Neutron monitoring based on the higher order statistics of fission chamber signals

Abstract: The work in this thesis corresponds to the safety aspect of Generation IV nuclear systems. One of the safety aspects concerns the enhancement of the performance of the in-vessel on-line core monitoring with neutron flux measurements. It was concluded earlier that fission chambers are the best candidate to provide in-vessel measurements in sodium cooled fast reactors.

This thesis focuses on the performance of signal processing methods in order to unfold the count rate of fission chambers. The main goal is to investigate the possible application of processing methods based on the higher order statistics of the signal in order to provide accurate count rate estimation over a wide range both for stationary and transient signals. The work also consists of the study of self-monitoring capabilities in order to detect fission chamber malfunctions at an early stage. The investigation is based on analytic assessments, on simulation of fission chamber responses and signals, and on experimental application of processing methods.

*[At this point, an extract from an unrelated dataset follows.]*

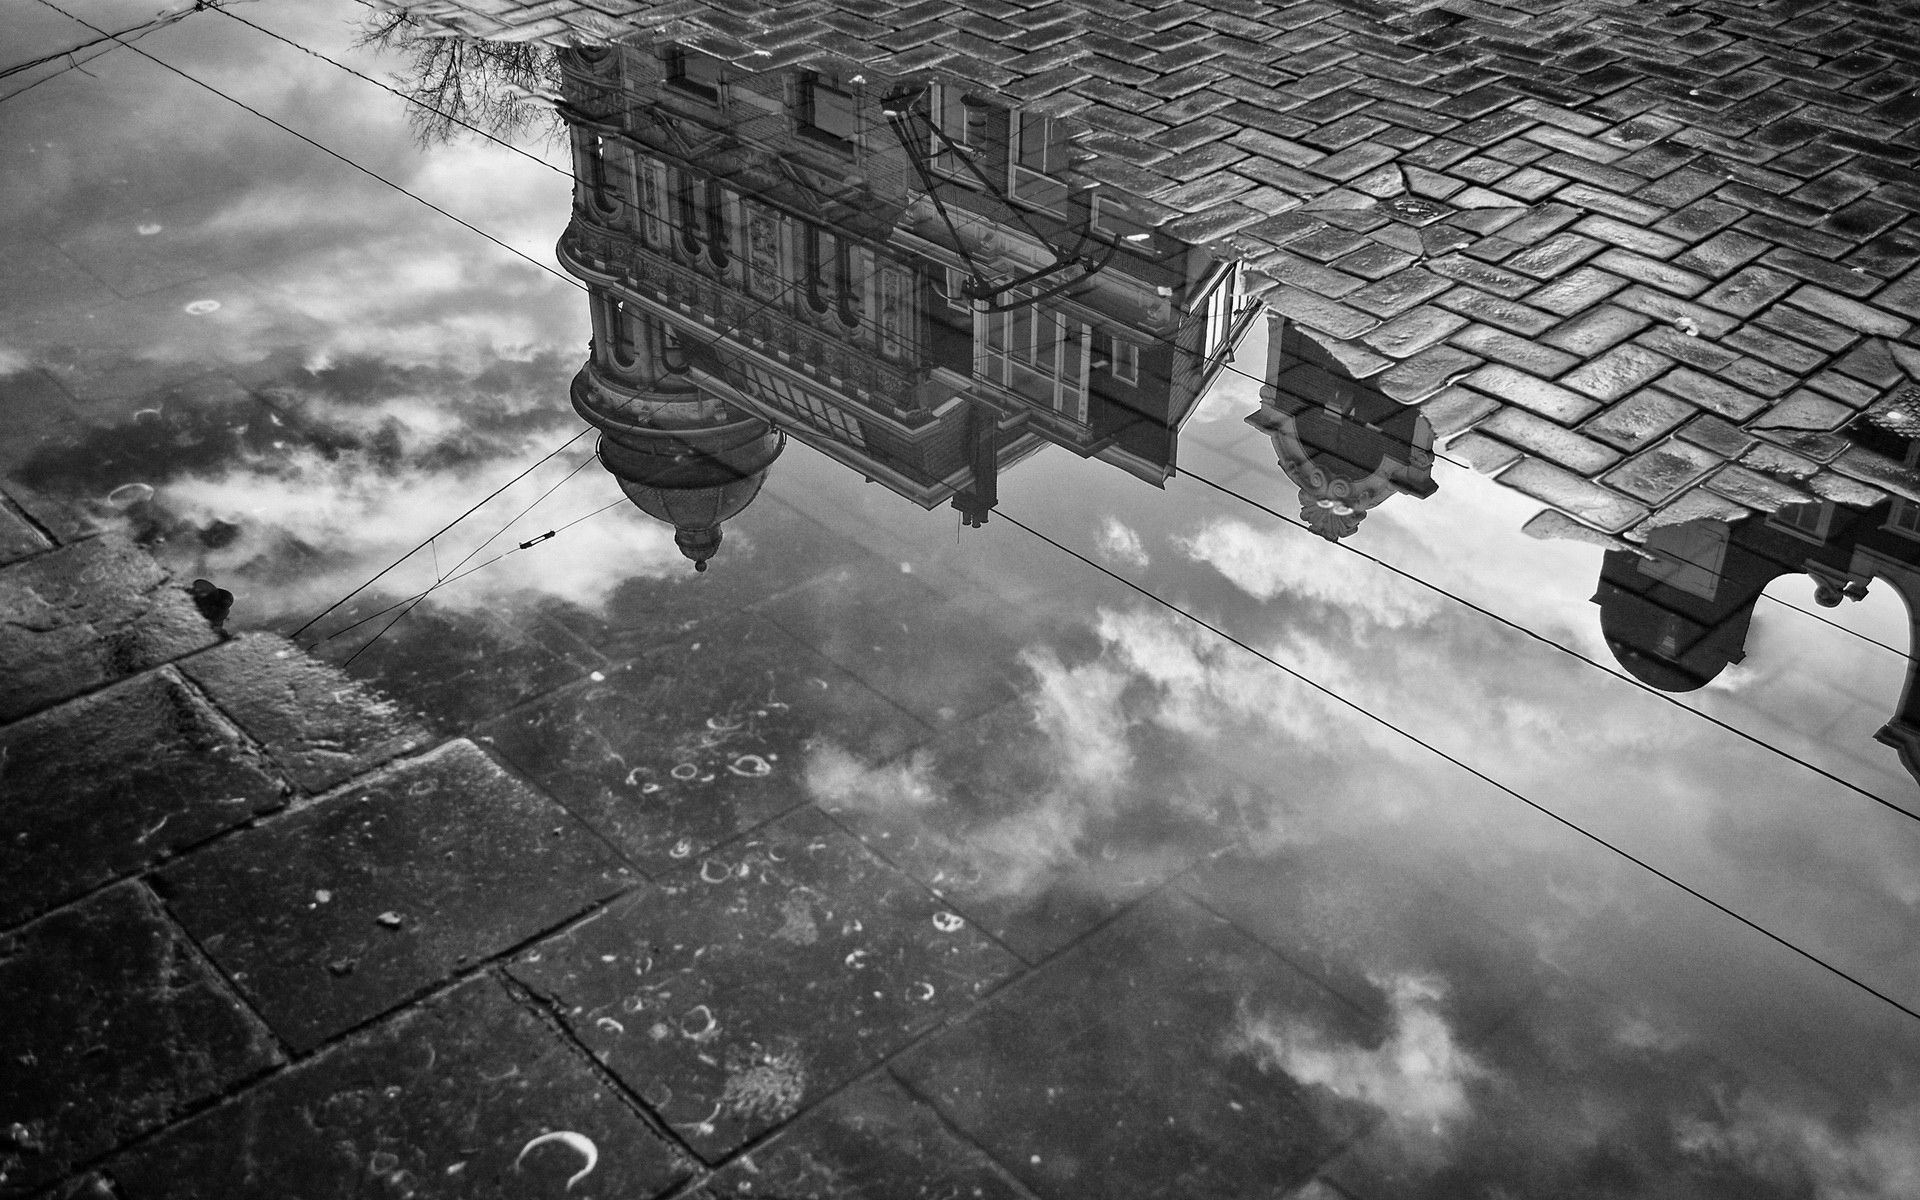 Puddle Wallpaper. Puddle Blood Background, Puddle Wallpaper and Puddle Reflection Wallpaper

The thesis covers five main studies. The first part presents the theoretical description of fission chamber signals. The second part investigates the performance of the traditionally applied methods (pulse and Campbelling mode) through simulations. It is shown that these methods are not capable to cover the whole count rate range of the chamber. Therefore, the third part studies the possible application of methods based on higher order statistics of the signal through simulations and experiments. It is shown that these methods can provide accurate estimations over a wide count rate range. The fourth part covers the theoretical background of self-monitoring capabilities based on the spectral properties of the signal. Finally, the fifth part presents the implementation of the methods in a real-time neutron monitoring system based on a System on a Chip, which embeds a field-programmable gate array.

By the methods elaborated in this thesis, a faster, more effective and more accurate monitoring of the reactor power is possible than with the methods used so far, even when the normal operating state is changing.